Introduction
Low back pain (LBP) is a common clinical problem and is of major socioeconomic importance. However, little is known about the pathogenesis of this disease. Although any of the spinal structures (intervertebral discs, facet joints, vertebral bodies, ligaments, or muscles) may contribute to LBP, the most likely cause is a lumbar intervertebral disc [1-3].
Bupivacaine is commonly used for therapy and diagnosis of discogenic low back pain. Moreover, bupivacaine has been injected in combination with steroids, oxygen, ozone, and hypertonic dextrose, for the treatment of disc-related pain [4,5].
Several authors have reported a toxic effect of bupivacaine on articular chondrocytes. It has been reported that 0.5% bupivacaine, which is commonly used in intra-articular surgery, has a toxic effect on isolated bovine articular chondrocytes [6]. Effects of bupivacaine on rabbit knee joints have been investigated, and compared to a placebo injection with saline, intra-articular bupivacaine injection had caused histopathological changes in rabbit knee joints [7]. In rabbit shoulder, infusion of bupivacaine decreased relative cell viability by 20% to 32%. Histological analysis had yielded results significantly worse for bupivacaine infusion [8]. Thus, intra-articular infusion of bupivacaine was believed to cause significant histopathological and metabolic changes to articular cartilage [8].
Lee et al. [9] recently reported an in vitro controlled study on the effect of bupivacaine on viability of human and rabbit intervertebral disc cells. The results of this study has shown that bupivacaine decreases viability in rabbit and human disc cells in a time-dependent manner. Moreover, the changes observed for these disc cells were greater than those seen for articular chondrocytes. However, there has not been any report on whether these animal and in vitro studies are clinically relevant. Thus, the purpose of this current study was to examine whether injection of bupivacaine into human intervertebral disc accelerated discdegeneration.
Materials and Methods
The ethics committee of our institution approved the study design. Written informed written consent was obtained from each subject prior to participation in the study.
1. Patients
We reviewed 82 patients who had LBP, continuing for at least 3 years. Disc degeneration at one level on magnetic resonance imaging (MRI) was observed in all patients. Patients who had severe spondylolysis or disc degeneration of two or multilevel lesions on MRI were excluded. Patients who had previously undergone spinal surgery were also excluded.

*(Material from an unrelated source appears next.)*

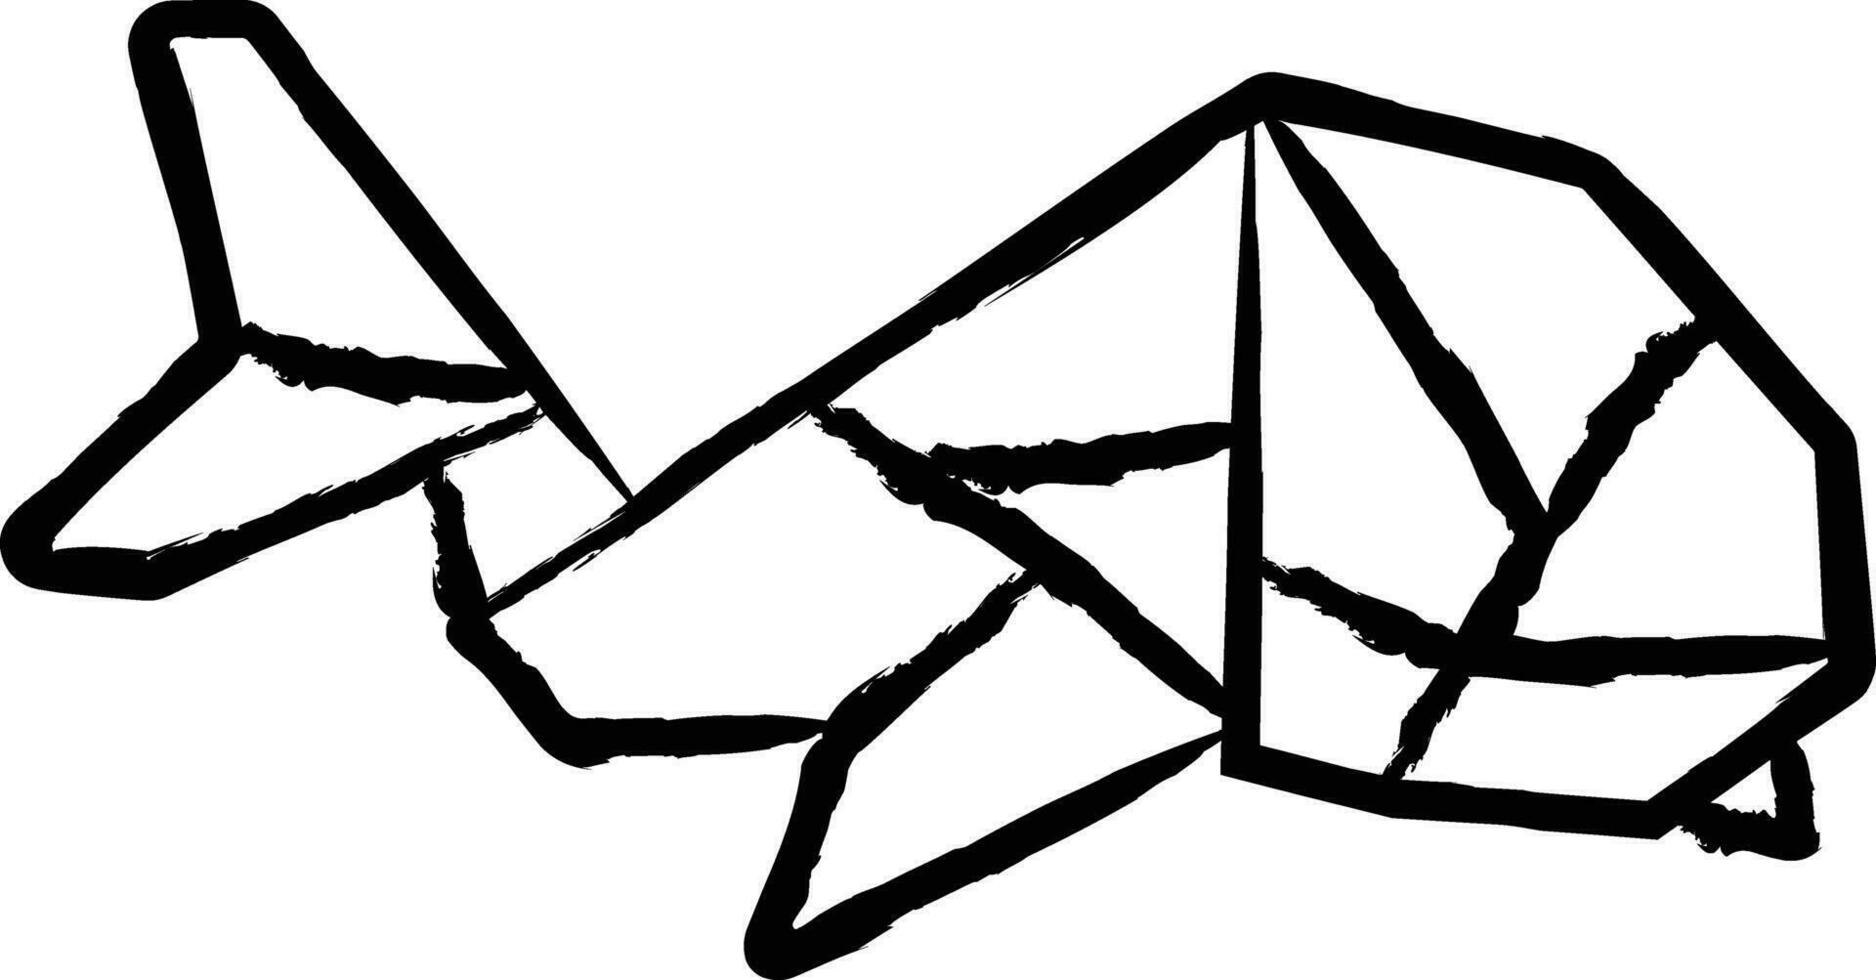 Dolphin hand drawn vector illustration

To investigate the origin of pain, each patient underwent discography or discoblock with injection of bupivacaine. If low back pain was provoked in the discography, and only if the pain ameliorated with discoblock, the diagnosis of discogenic pain was confirmed. Thirty of these patients subsequently underwent anterior discectomy and anterior lumbar interbody fusion or posterolateral fusion and were excluded from the study.
The remaining 52 patients tested negative for provocation of pain by discography or for pain relief after discoblock, and underwent nonoperative treatment. Sixteen patients were dropped out, and finally 36 patients were evaluated and followed up. For the control group of the study, 10 patients were enrolled to match age, pain, and disc degeneration to the 36 patients in the experimental group. Finally, we divided the patients into 3 groups (discography, n=18; discoblock [injection of bupivacaine], n=18; and control, n=10).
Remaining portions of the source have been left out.